● **INFORMATION SHOWN**:
# # #
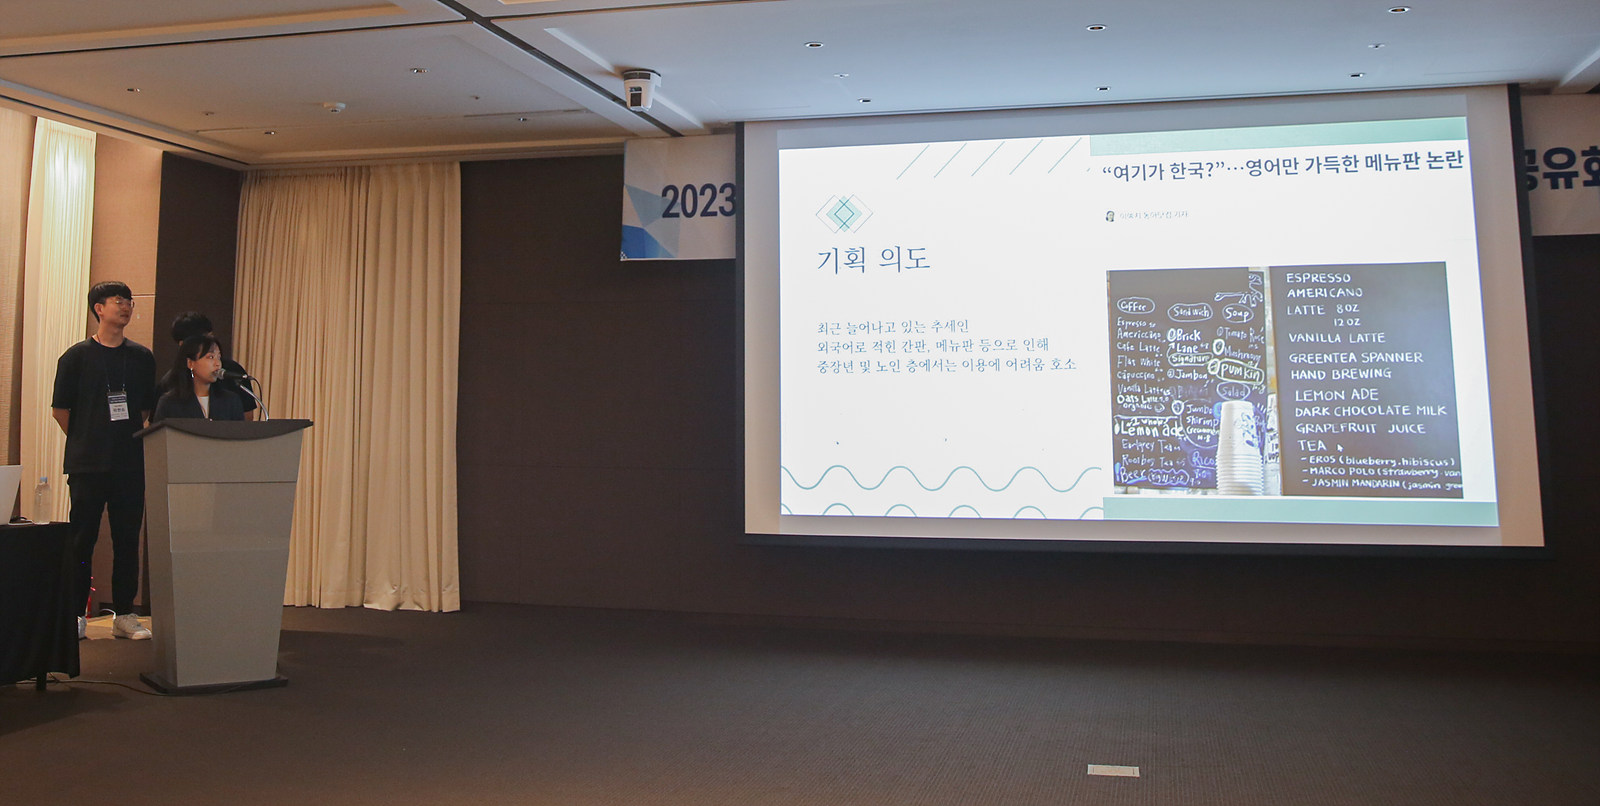 2023 지역혁신사업 리빙랩 식 주제발표공유회 개최
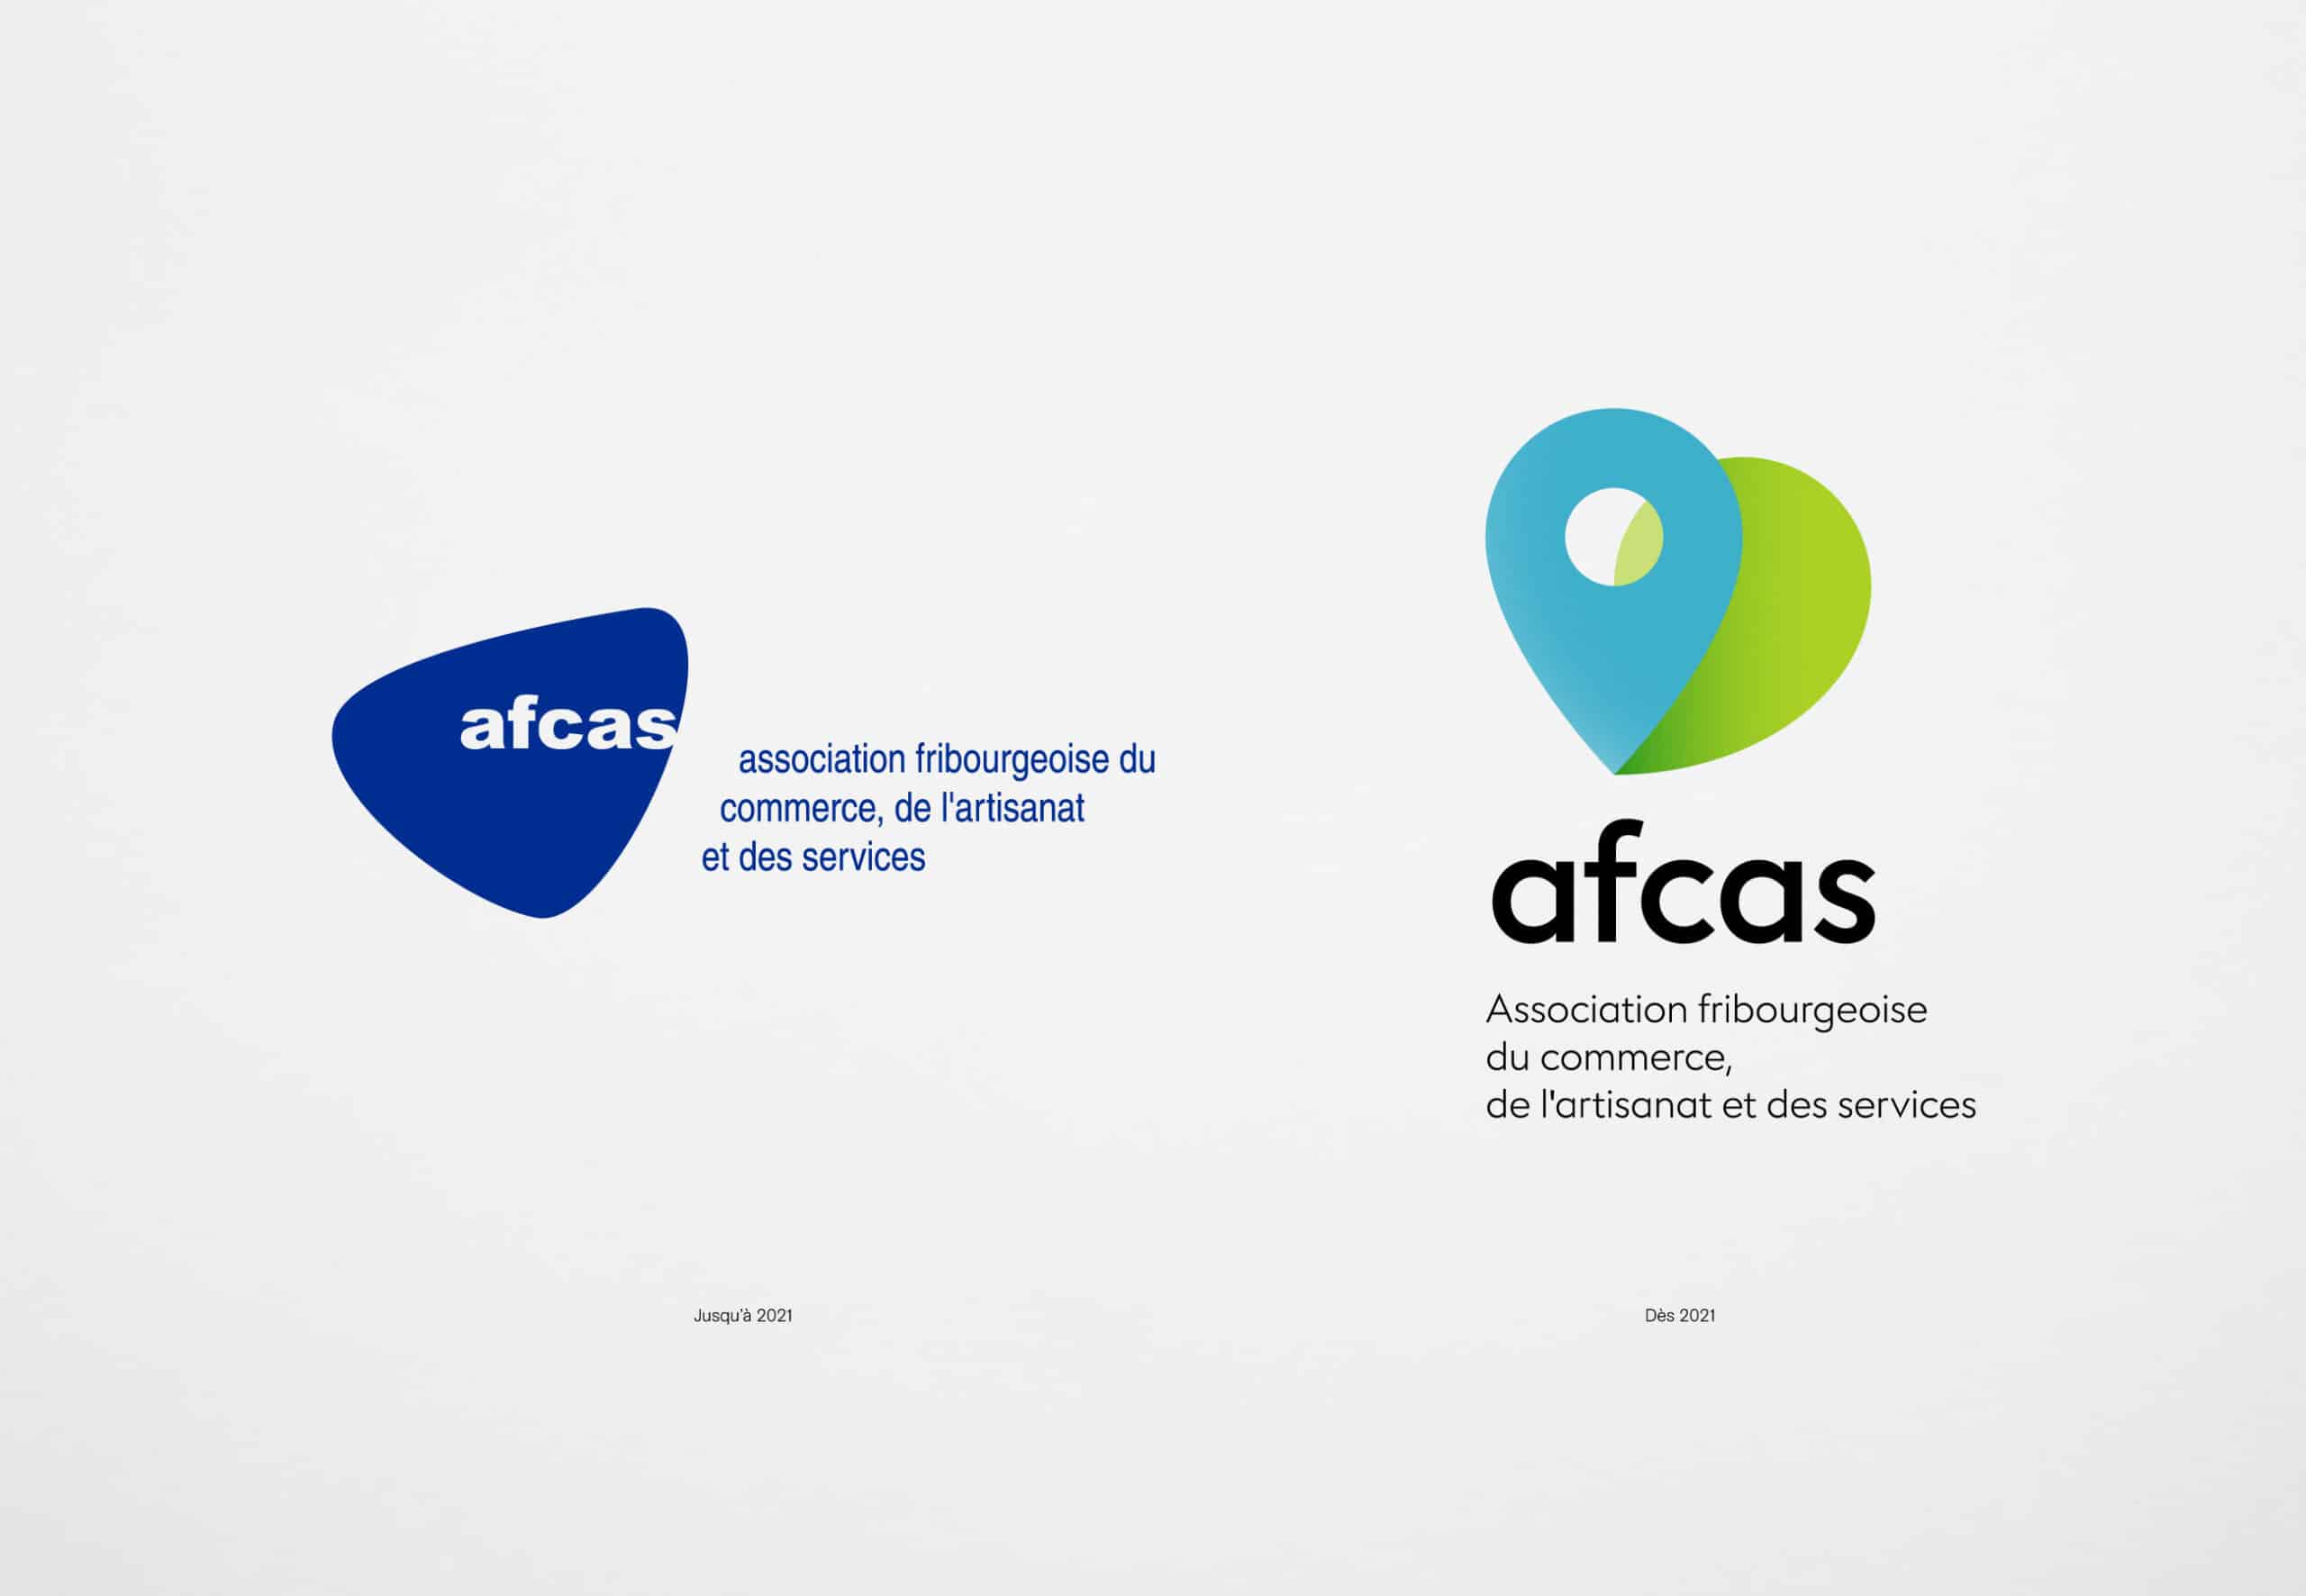 Logos de l'AFCAS avant et après 2021.
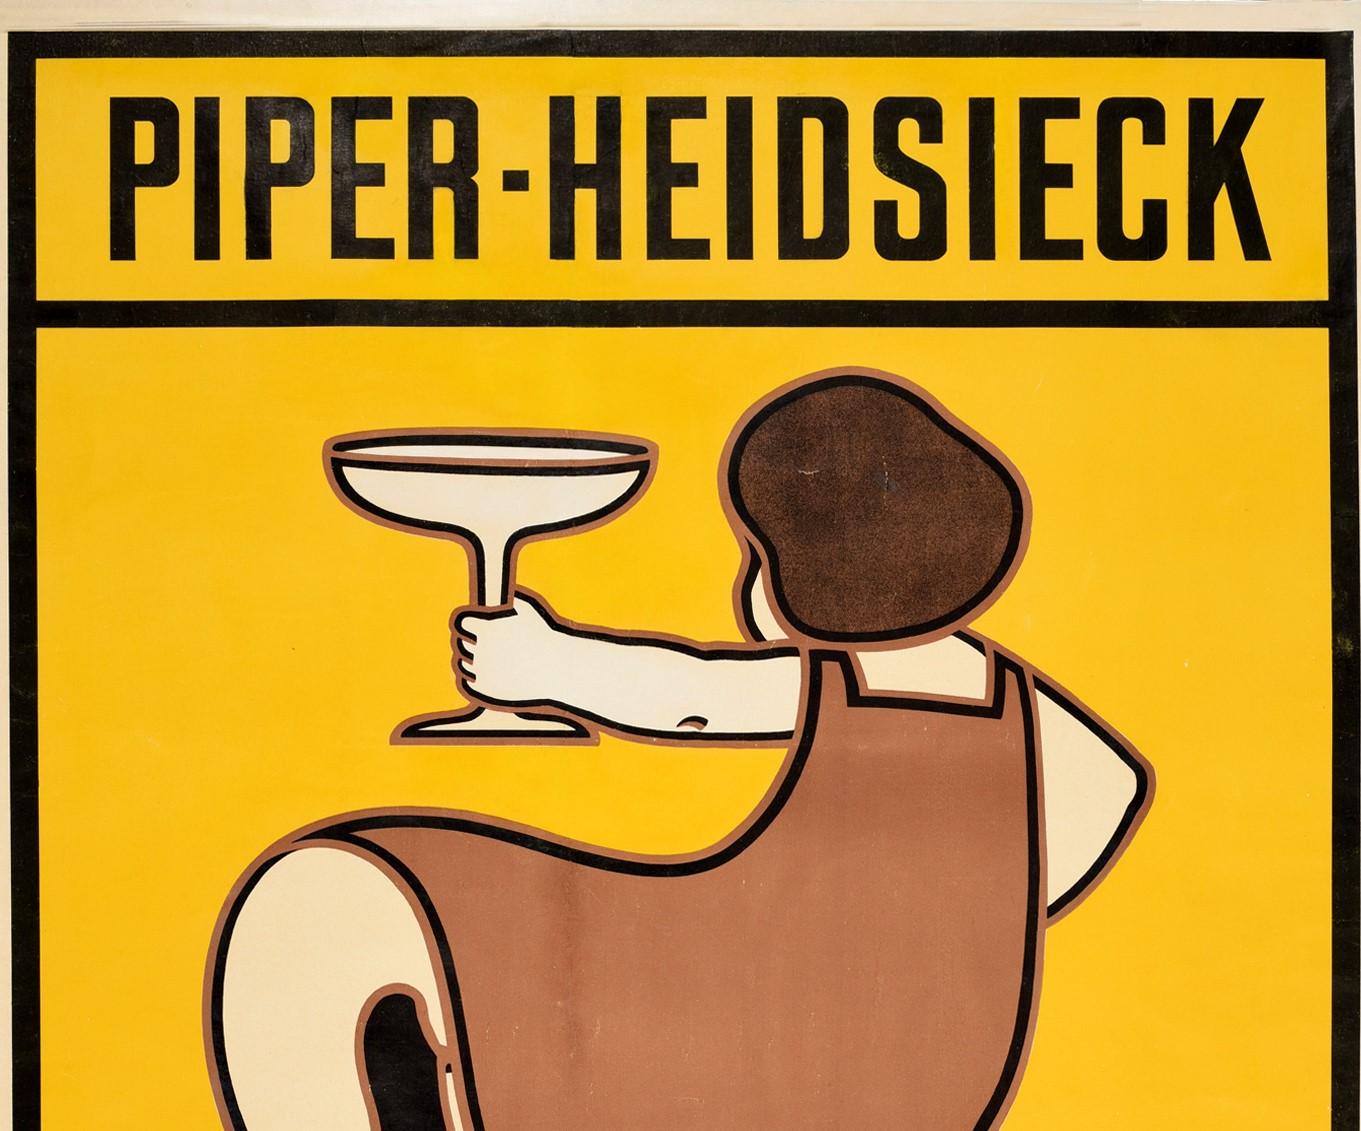 Affiche publicitaire originale pour le champagne Piper-Heidsieck, représentant une dame tenant une grande coupe de champagne sur un fond jaune, avec les lettres en gras au-dessus et au-dessous des lignes de marge encadrées. Piper Heidsieck a été
# # #
● **WHAT YOU SHOULD DO**: Please retype the whole of the data precisely, omitting pictures.

● **RESULT FOR THIS EXERCISE**:
 2023 지역혁신사업 리빙랩 식 주제발표공유회 개최
 Logos de l'AFCAS avant et après 2021.
 Affiche publicitaire originale pour le champagne Piper-Heidsieck, représentant une dame tenant une grande coupe de champagne sur un fond jaune, avec les lettres en gras au-dessus et au-dessous des lignes de marge encadrées. Piper Heidsieck a été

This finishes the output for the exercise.